First-principles-computational quantum insights on enhanced thermophysical performance of ThC:Mg for clean thermoelectric and nuclear energy

Besides being a matured energy technology, nuclear energy is the second cleanest energy source after hydropower regarding the emission of greenhouse gases. As such, the role of nuclear energy as a key player to achieve sustainable clean energy to solve the future energy crisis cannot be underestimated. To harness the nuclear energy via the fission process, the routine fuel materials in the nuclear power plants are uranium and uranium-based compounds. However, thorium-based materials have some advantages for advanced breeder power plants. This owes to the abundance, peculiar mechanical, and thermodynamic properties of thorium (Th), such as high melting temperature (1750 °C), density, and thermal conductivity, and less radioactive byproducts. Th makes many refractory materials with melting points above 1800°C, which include carbides, nitrides, phosphides, and silicides, holding promising potential for diverse applications such as clean thermoelectric and nuclear energy.
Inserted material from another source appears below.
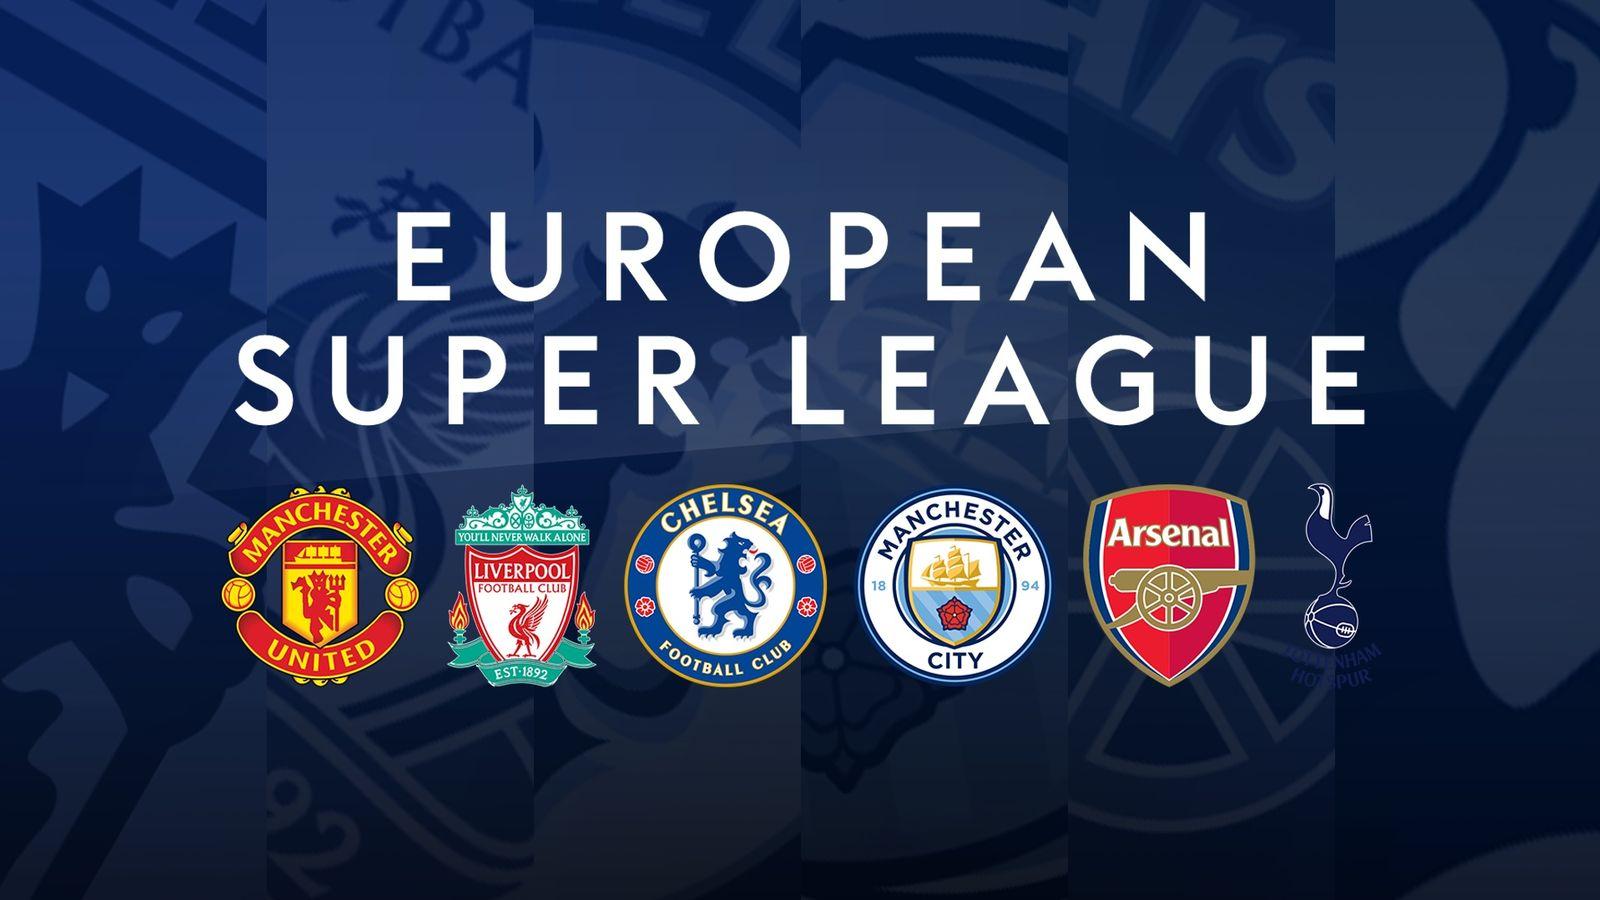 European Super League4

This study is the first attempt to explore comparative analysis on the phonon dynamics, thermodynamic, and thermoelectric performance and potential of ThC and Mg-doped ThC carbides using density-functional theoretical formalism. For the first-principle quantun insights and computation of thermodynamic characteristics of the materials, the Debye Model based on the Quasi Harmonic approximations is utilized. The computed results are interpreted considering novel prospects and implications, which hold great potential for fundamental and practical applications regarding thermal management and sustainable thermoelectric and clean nuclear energy via advanced breeder power plants.